I’ve seen discussed the MVC project structure using a UI Project and a Code Project. e.g.
http://lostechies.com/jimmybogard/2009/12/09/organizing-asp-net-mvc-solutions/
http://stackoverflow.com/questions/4357911/an-ideal-folder-structure-for-net-mvc
I’ve tried to do this in Visual Web Developer 2010 Express but I still end up having the following non-website related files in the UI project: .csproj, .csproj.user, the project dll file and the project pdb file.
This defeats the purpose, as the point of splitting into two projects was to have the UI one clean enough to run directly as the website without having to filter out un-necessary files.

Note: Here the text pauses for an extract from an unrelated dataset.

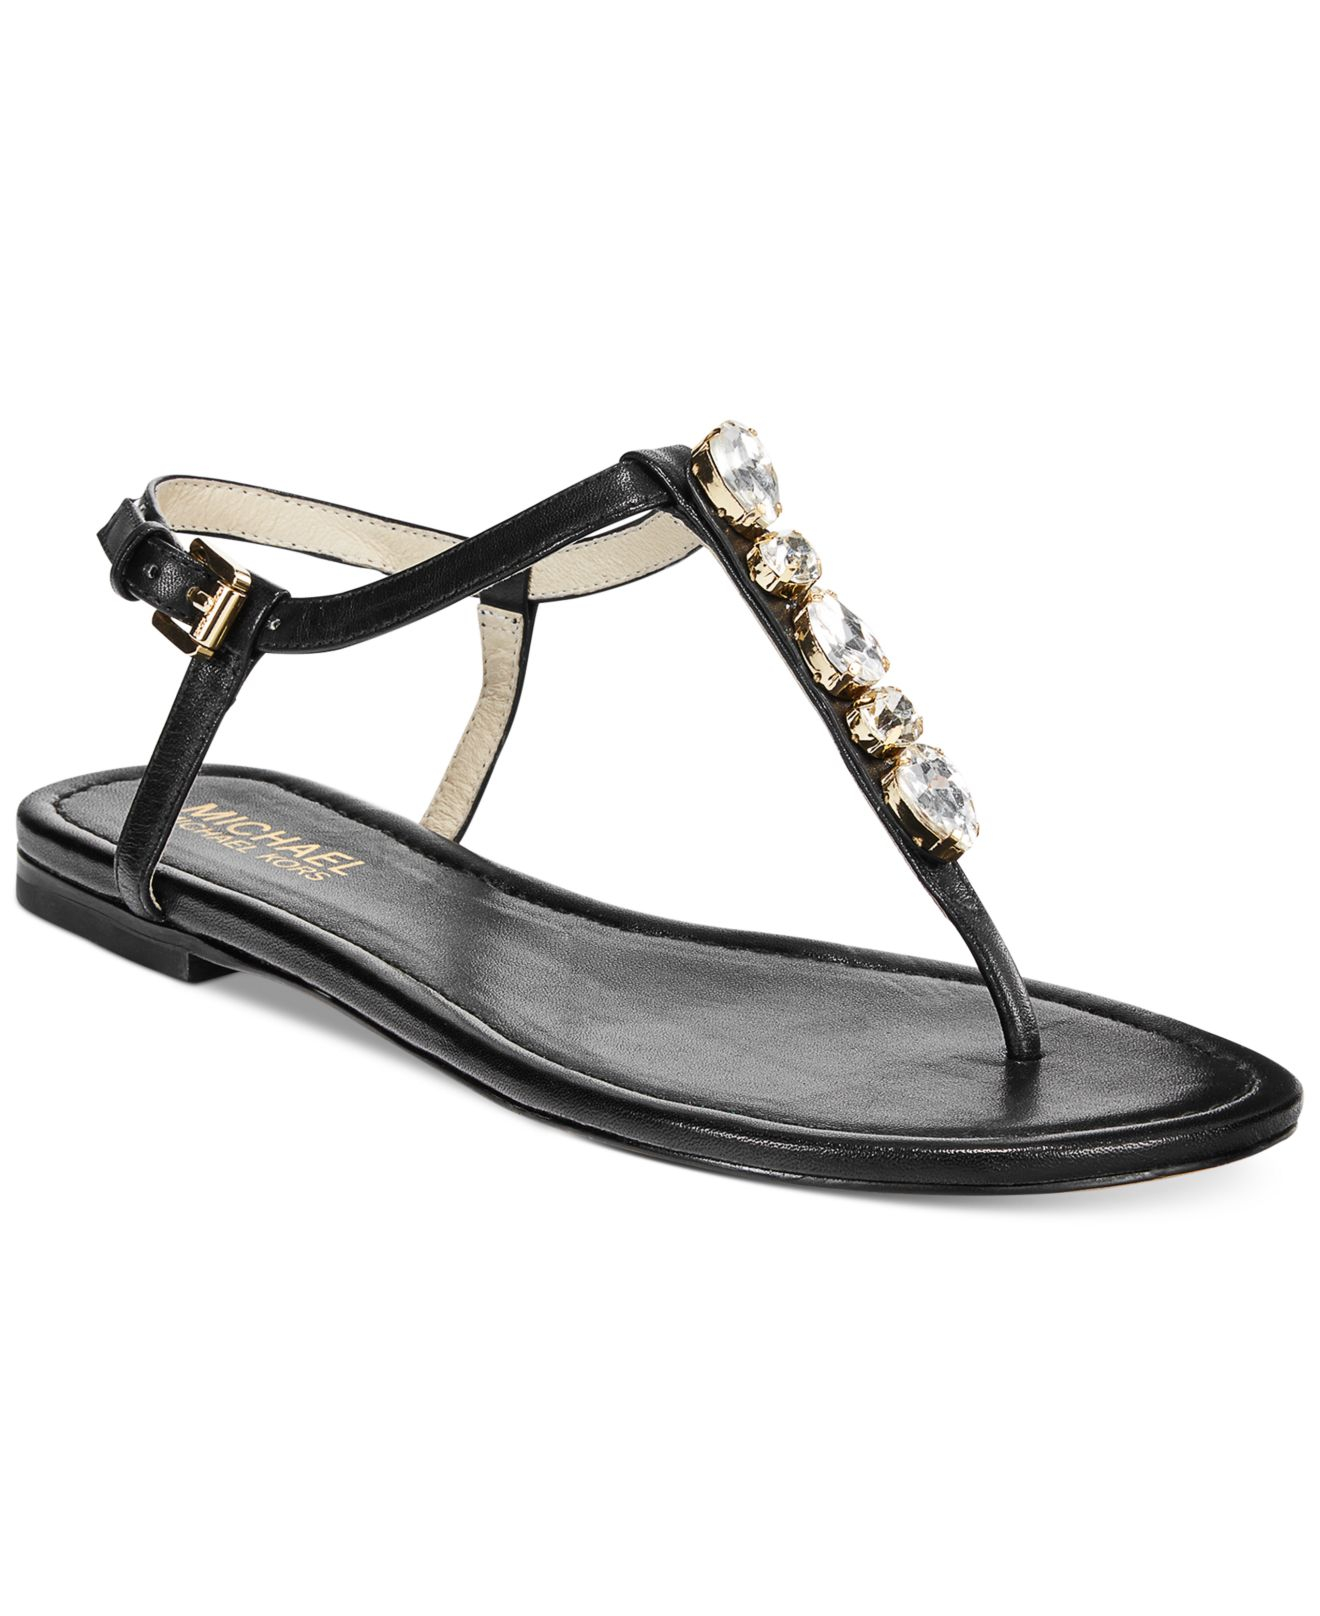 17c7804b1 Lyst - Michael Kors Michael Jayden Jeweled Flat Thong Sandals in Pink

- I copied the original project into a second project contained within the same solution
- I deleted the code files from the first project making it the UI project
- I deletes the UI files from the second project making it the code project
- I added a reference to the code project in the UI project.

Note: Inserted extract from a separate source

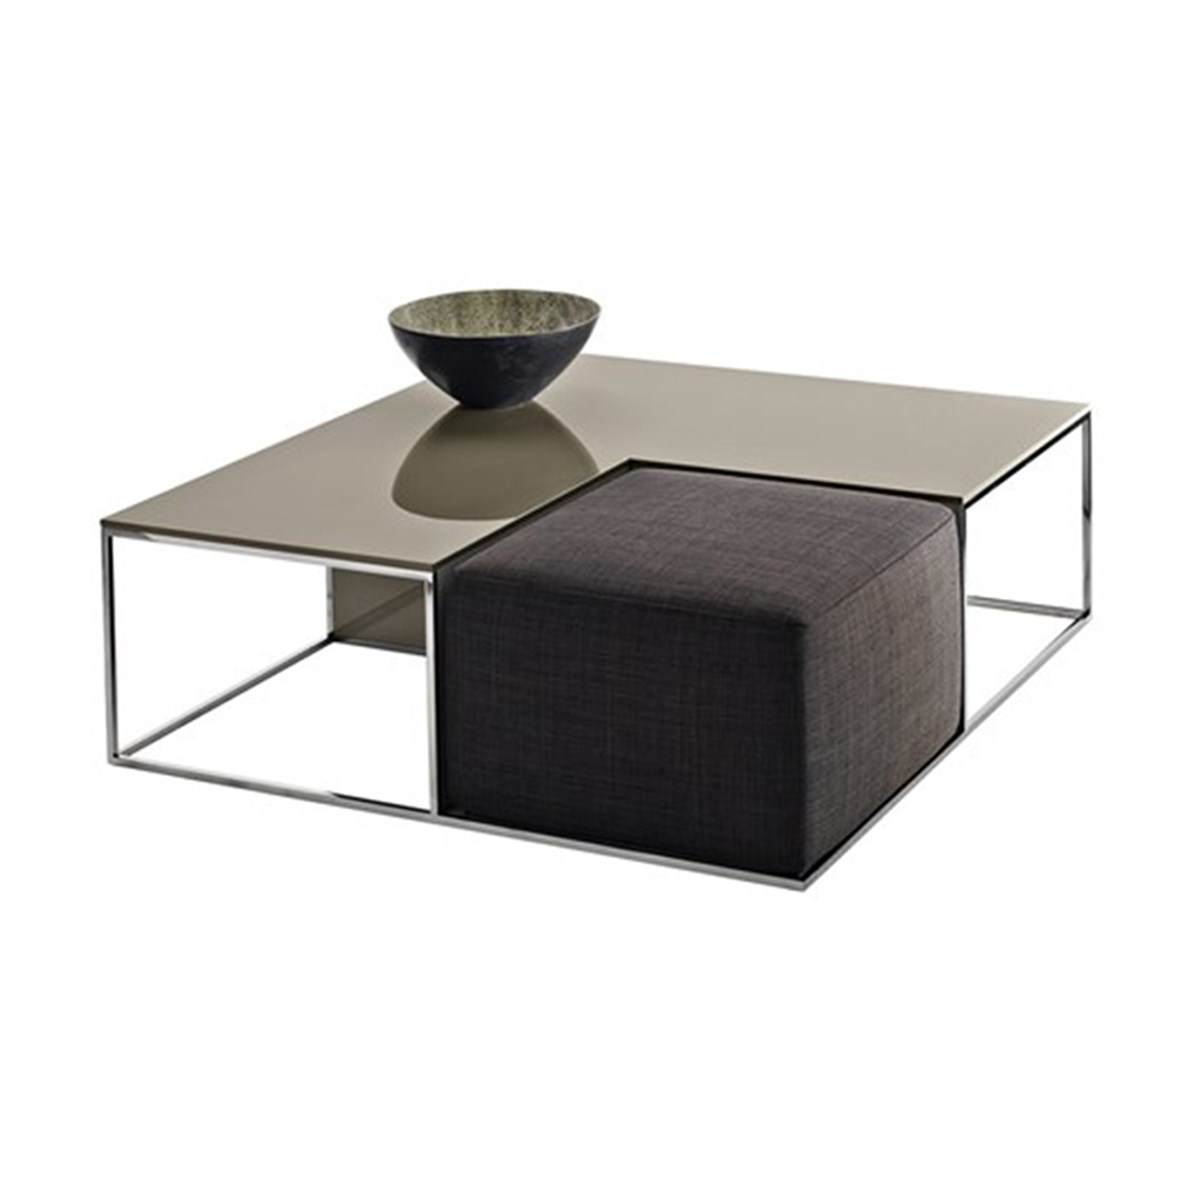 B&B-Italia-Paolo-Piva-Area-Low-Table_Matisse-1

Have I done this wrong? Or is this a limitation of this approach?
Any additional detail which might help me get this configuration working would be appreciated.
The reason for separating a project into separate core + UI projects is to cleanly separate the source code concerns.

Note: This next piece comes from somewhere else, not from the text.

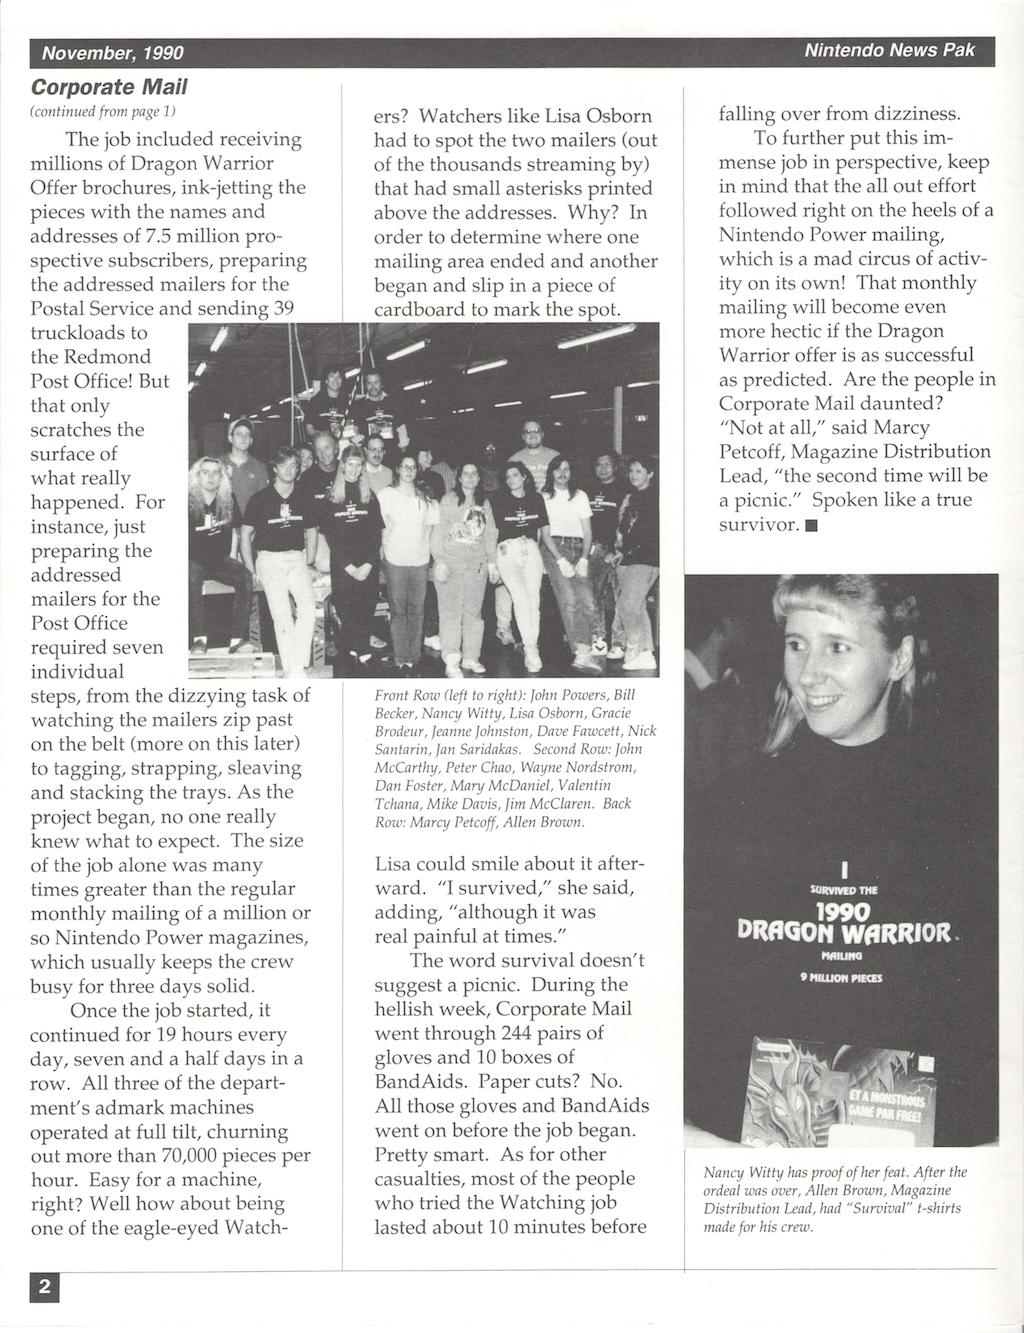 Nintendo-News-Pak | November 1990 p2 | Credit Steven Lin

Two of the files you are mentioning, the CSPROJ and CSPROJ.USER files, are for VWD only. They are not source code, and are not deployed when you publish your project.
The other 2 files, core DLL and core PDB, are runtime assemblies and debug files respectively. Your UI project will need a reference to these in order to be able to run code written and compiled into the core project.
So, having Core.dll and Cord.pdb in the bin folder of your UI project is okay, and doesn’t violate SoC. The csproj files have nothing to do with code, they are only there so that VWD can manage the projects.